When A specific burnout hits, the version of me I’ve tried to keep hidden becomes the version people see. The dark side, the bitterness, the self-pity, the sharpness of my words, escape.
It isn’t who I am, but it’s what exhaustion distils me into. All the quiet work of editing myself, smoothing the edges, softening my voice, is gone. What comes out is beyond raw and unfiltered, even I don’t like what I’m.
I know how it looks. Detached. Self-centred. Lazy. Arrogant. Like I think I’m too clever to care, or too broken to try. People see covert narcissism, intelligence with no ambition, “poor me” on repeat. Like a distorted mirror.
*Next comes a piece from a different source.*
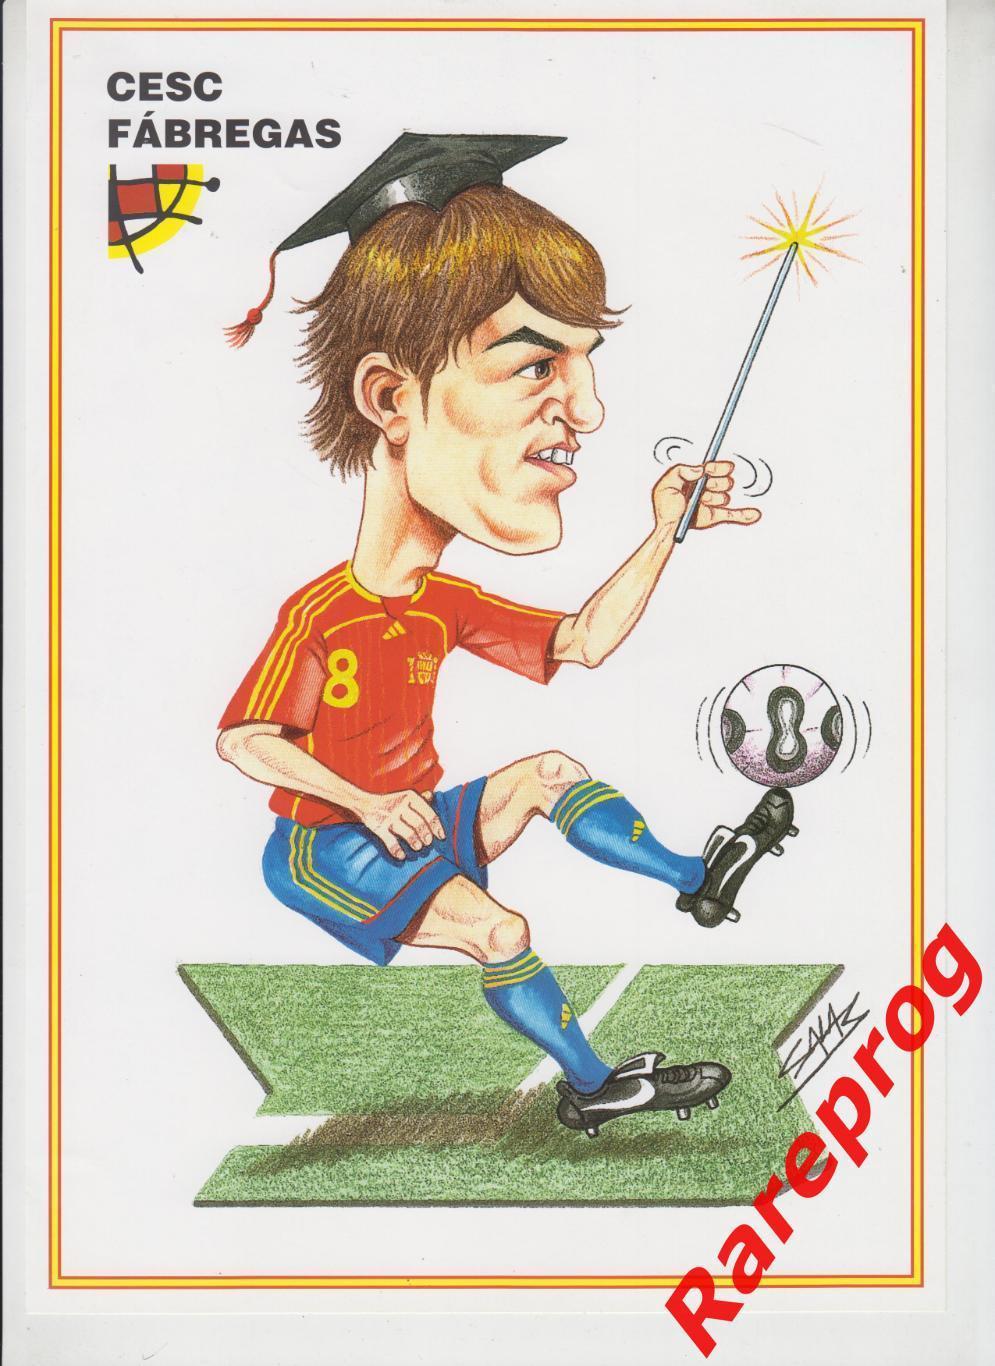 журнал Футбол RFEF Испания № 85 апрель 2006 - постер Эспаньол Cesc Fabregas 2

But what they’re really seeing is collapse. They’re seeing the wreckage of carrying a mask for too long, with a smile that smiles even with pain. They’re seeing the fracture between what I feel and what I can show. They’re seeing me without the survival strategies, not because I’ve chosen to drop them, but because I’ve run out of strength to keep them up. So the distorted image is all that remains.
This is the cruel paradox: when I need connection most, I look least deserving of it. The world sees the shadow, not the woman inside it. They turn away, and I am left with the echo of wings, the fragments of myself, and the unbearable aloneness that no one can resolve.
But storms are not forever. Even the Morrígan, after the shriek and the ruin, becomes the goddess of renewal. There must be a story, beyond the everyday for, women like me!